> _Problem description_:
Only one part of the listing is needed: the lines from the one with "Hudson Valley Highlights" through the last line, copied exactly and free of pictures.

> _Information shown_:

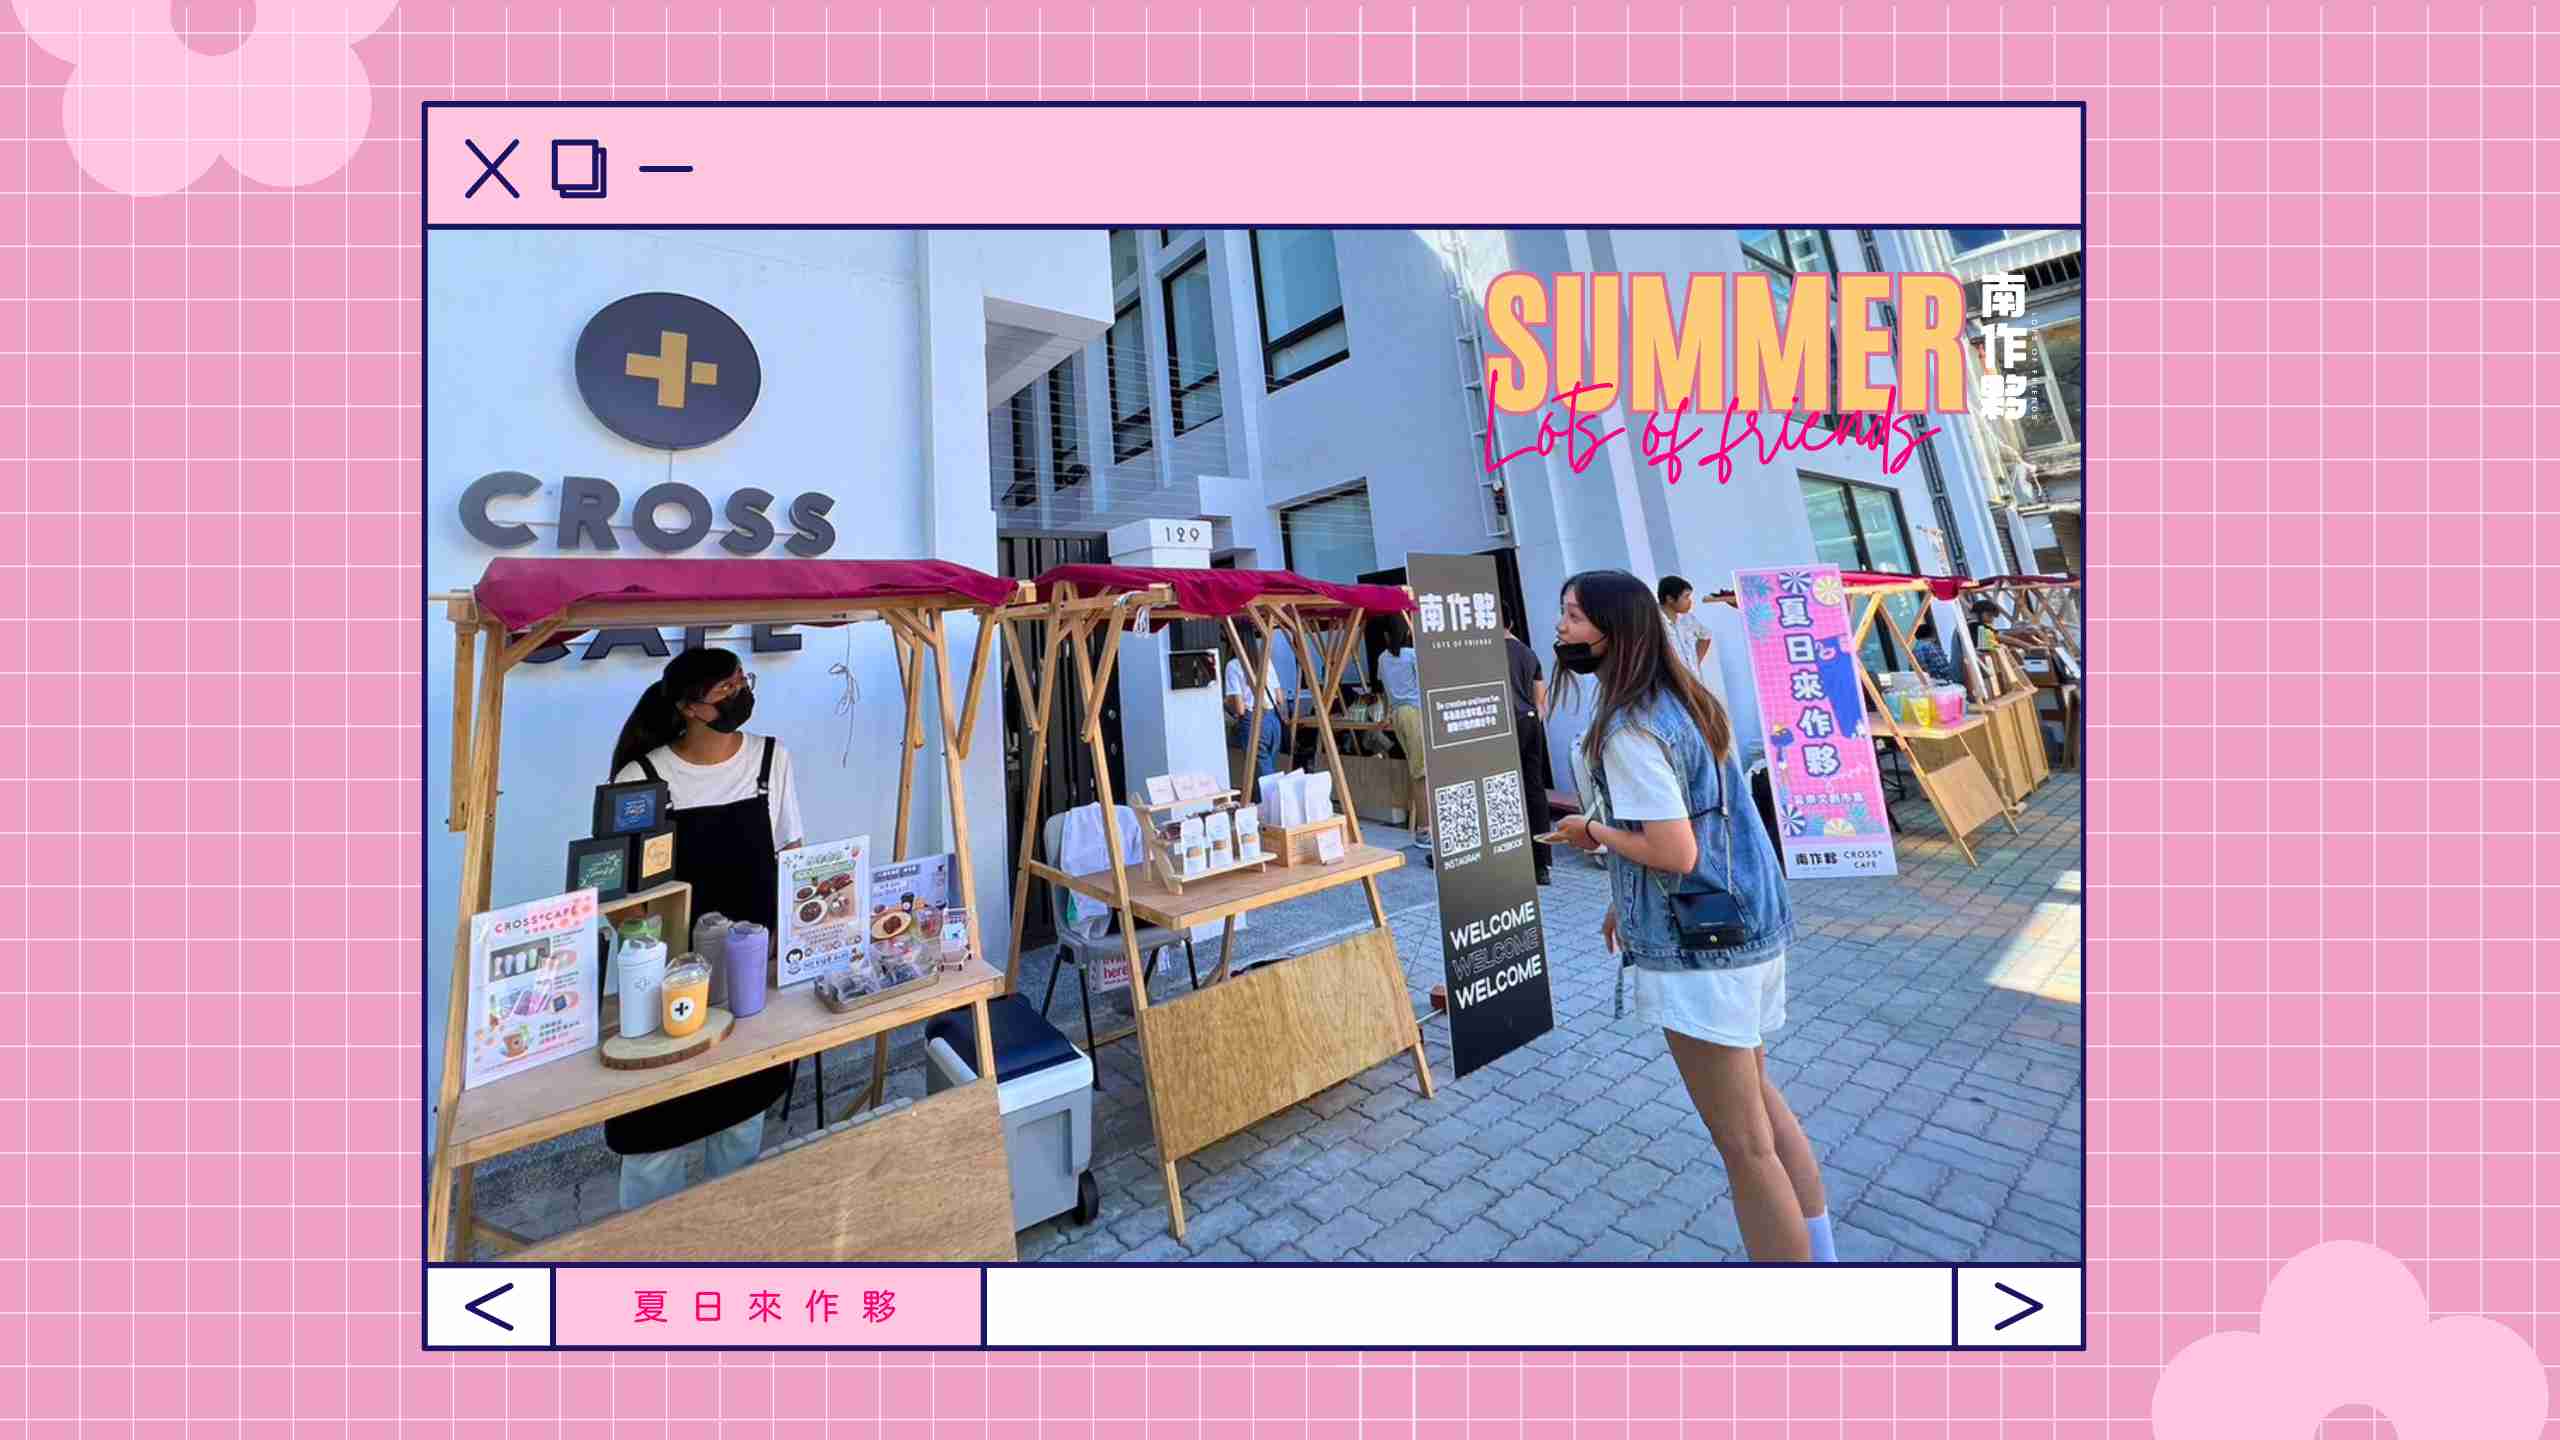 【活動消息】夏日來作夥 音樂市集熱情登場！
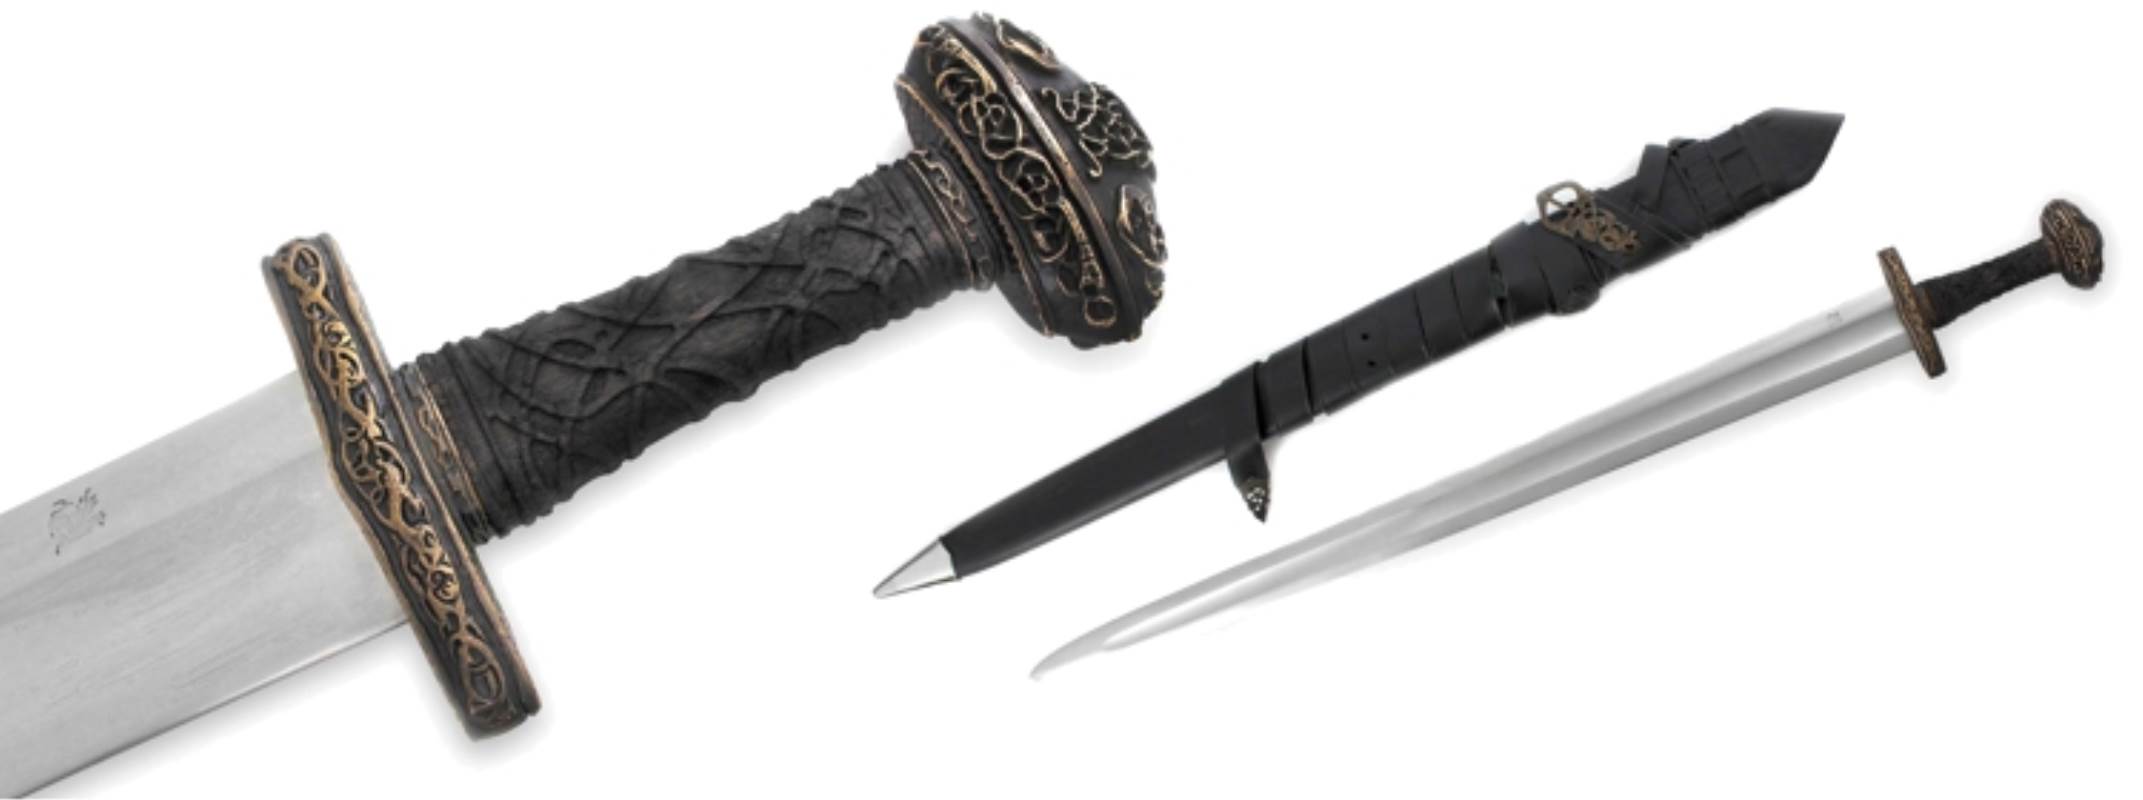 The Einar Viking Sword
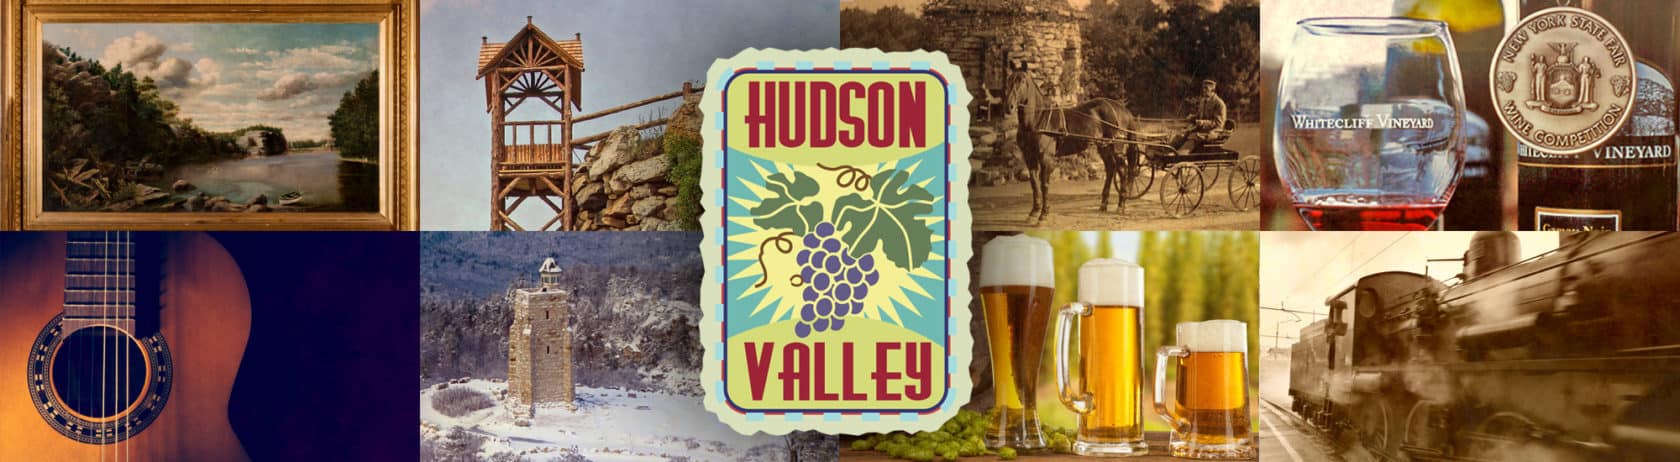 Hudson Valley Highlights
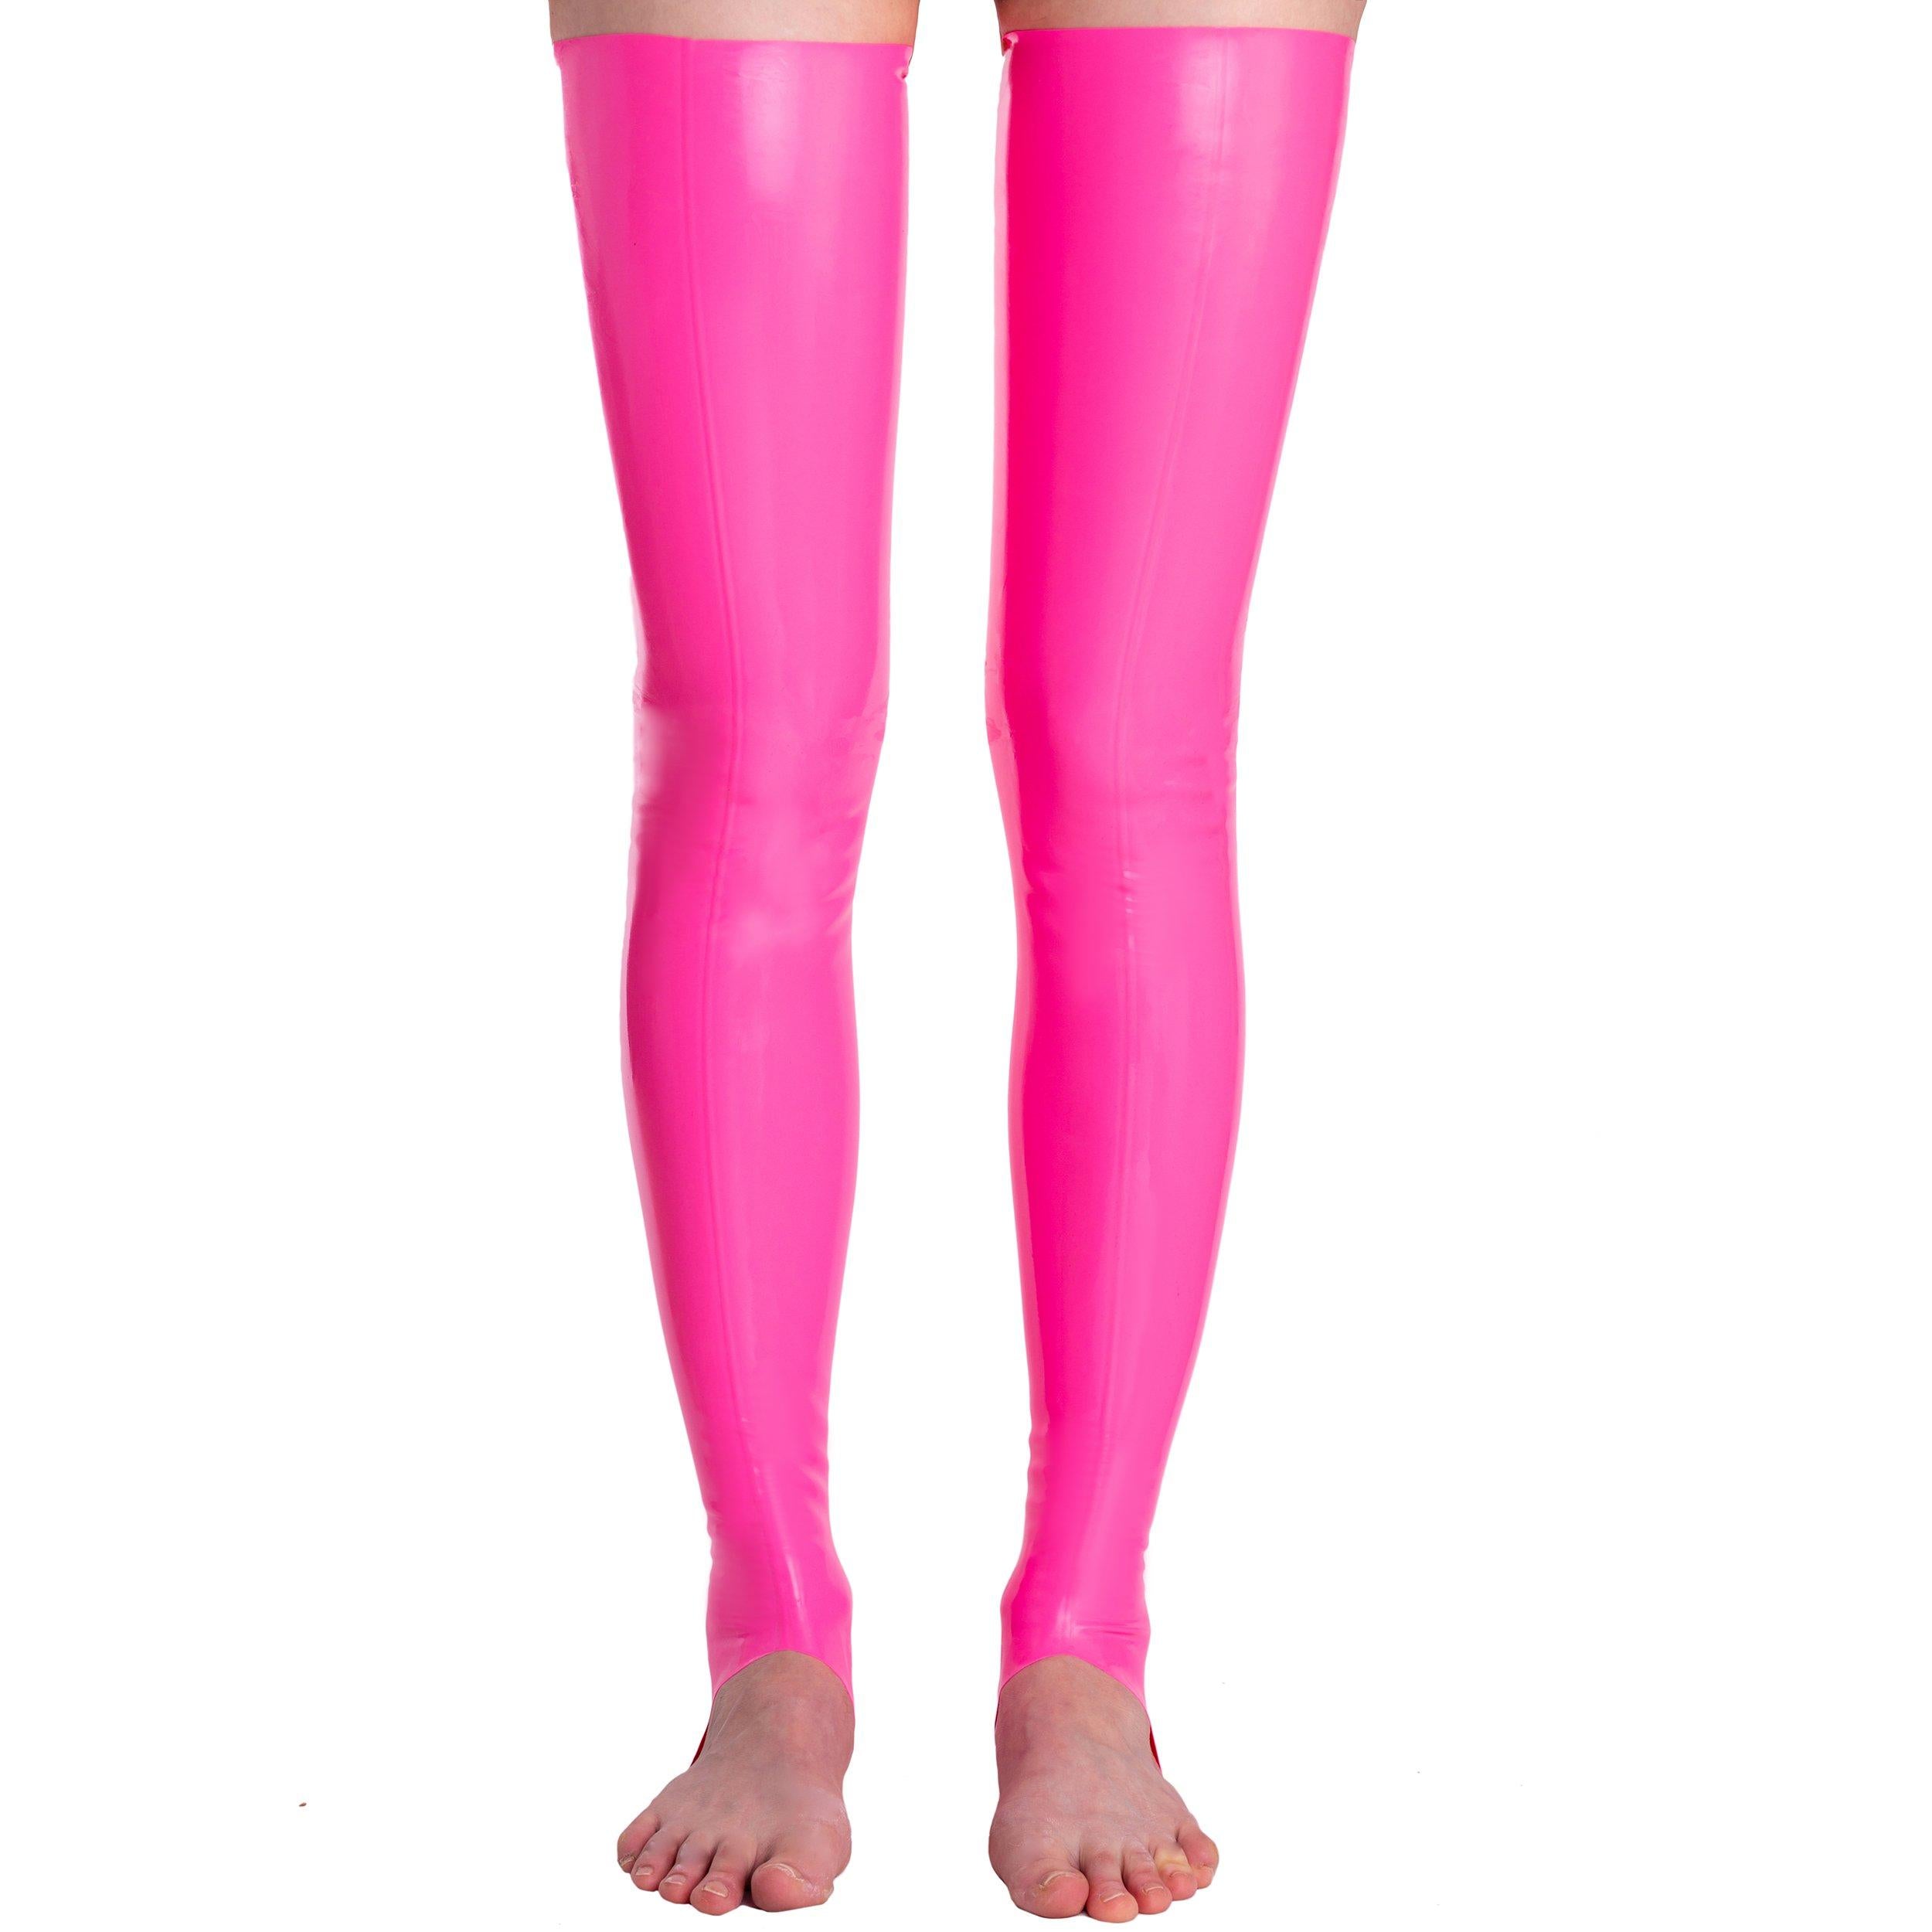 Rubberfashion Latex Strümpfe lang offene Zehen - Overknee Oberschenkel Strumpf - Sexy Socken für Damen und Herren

> _Solution to this task_:
 Hudson Valley Highlights
 Rubberfashion Latex Strümpfe lang offene Zehen - Overknee Oberschenkel Strumpf - Sexy Socken für Damen und Herren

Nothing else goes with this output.